It’s that facet of Modernism that Marriott takes aim at here although he takes a poke or three at pop culture too. That’s obvious from the first two works you see through the display window when you approach the brightly-coloured gallery.

Titled selfie (male) and selfie (female), they’re two shiny bronze busts. There’s a long history of artists producing bronze sculptures. Usually only rich and powerful people were immortalized in bronze. Today, any dumbass with a smartphone can share a photo of themselves with the world in about as much time as it takes to say “quack”2.

Marriott doubles down on his critique of our exhibitionistic/voyeuristic society by using emoticons in place of the busts’ facial features. Emoticons, or emoji, are characters you add to e-mails to communicate emotional nuance and lessen the likelihood of your message being misread by the recipient. They stand in for the facial expressions we typically rely on for context when having a flesh-and-blood conversation with someone.

In Synthesis, Marriott presents three photographs arranged in a triptych. In the first, a person is shown ripping a photo of Buckminster Fuller’s famous geodesic dome from an architecture book.
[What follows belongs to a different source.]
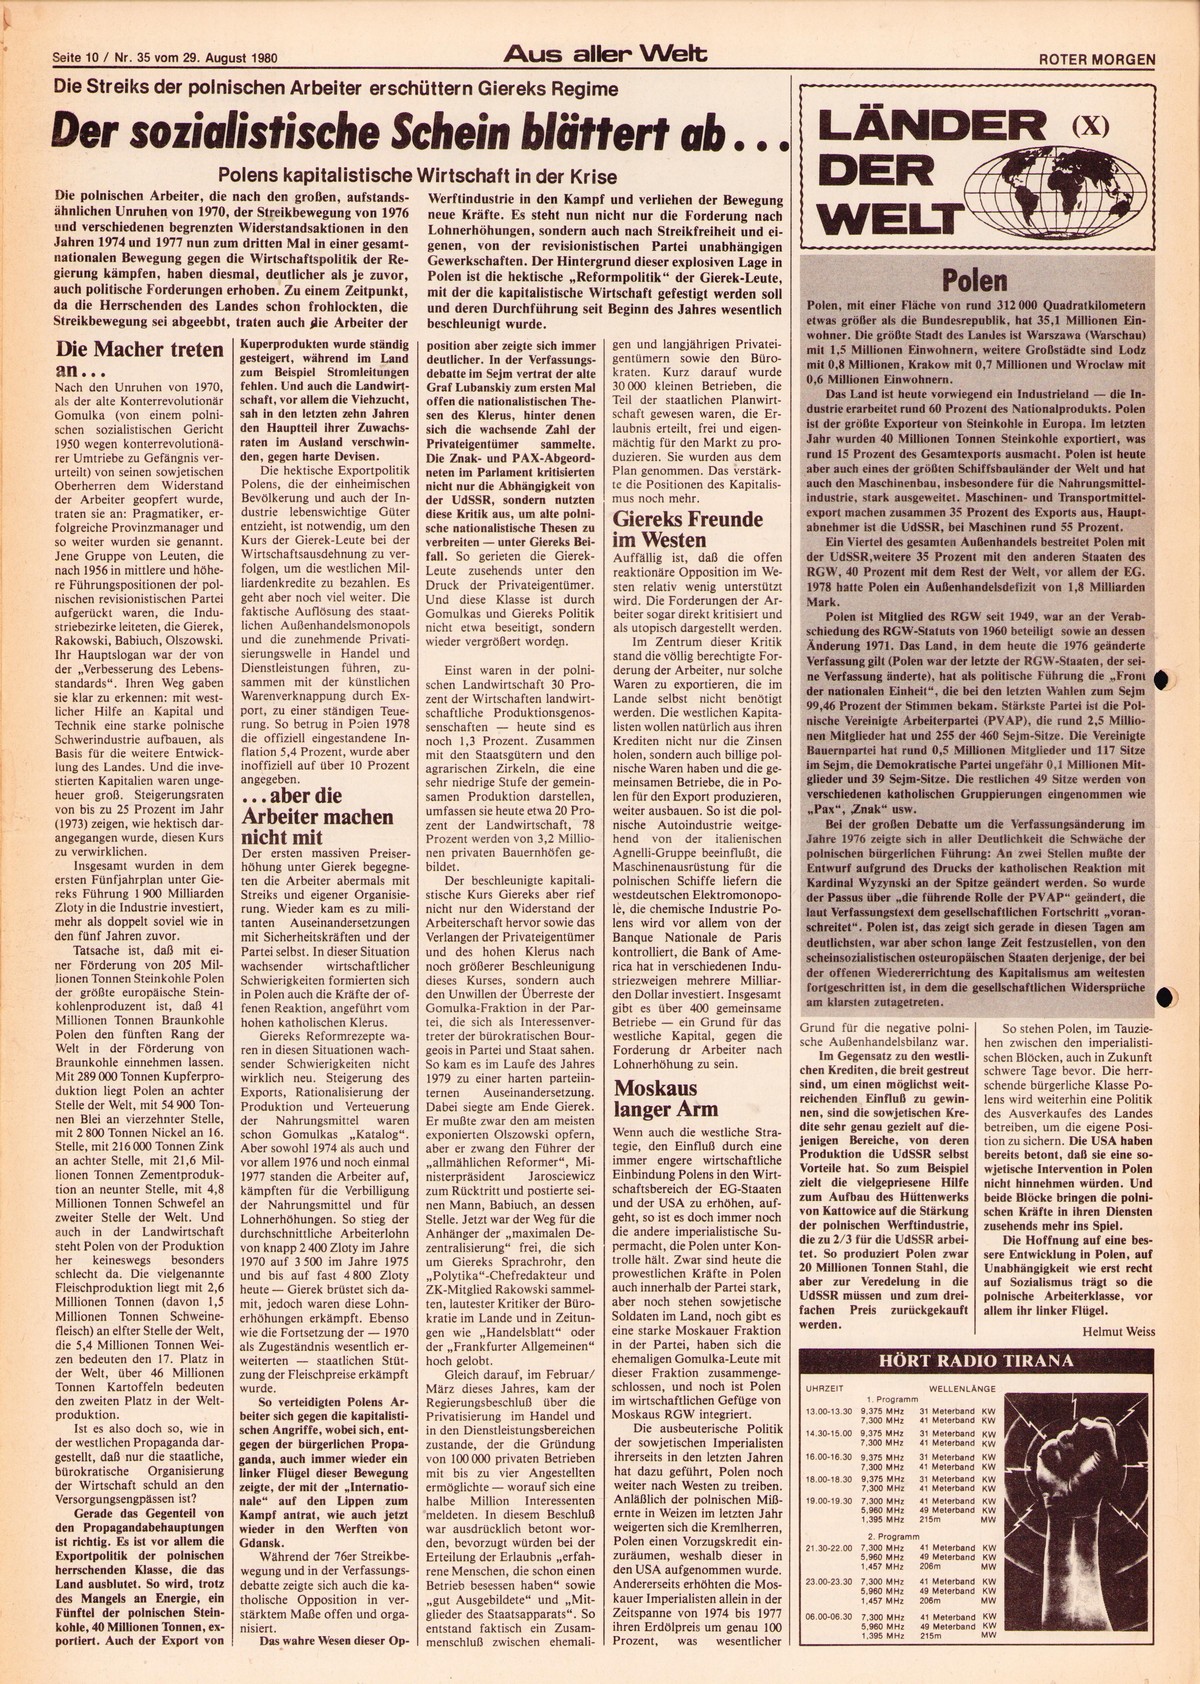 Roter Morgen, 14. Jg., 29. August 1980, Nr. 35, Seite 10

In the second, the hands crush the page into a ball. In the final image, the ball sits as a re-creation of Fuller’s dome.

It neatly deflates the whole idea of iconic architecture (and the “starchitects” who design the buildings) as irrefutable symbols of progress, prosperity and cultural sophistication.

Fuller built his geodesic dome to serve as the U.S. pavilion at Expo 67 in Montreal. The fair was held as part of a Canada-wide celebration of our centennial, and had the theme “Man And His World”. Exclusive language aside, the Expo celebrated human ingenuity and all the wondrous advances we’d made over the millennia in our quest to exert dominion over the Earth.

It’s not that we haven’t progressed from that point but we’re a long way from realizing the utopia envisioned by Expo 67’s organizers and visitors. Some of that’s on us. While the 1960s were the heyday of counterculture, our march towards nirvana has become a slog thanks to the bad right-wing ideas we’ve adopted over the last 35 years. And some of the seeds of our current struggles were arguably planted during the Modernist era.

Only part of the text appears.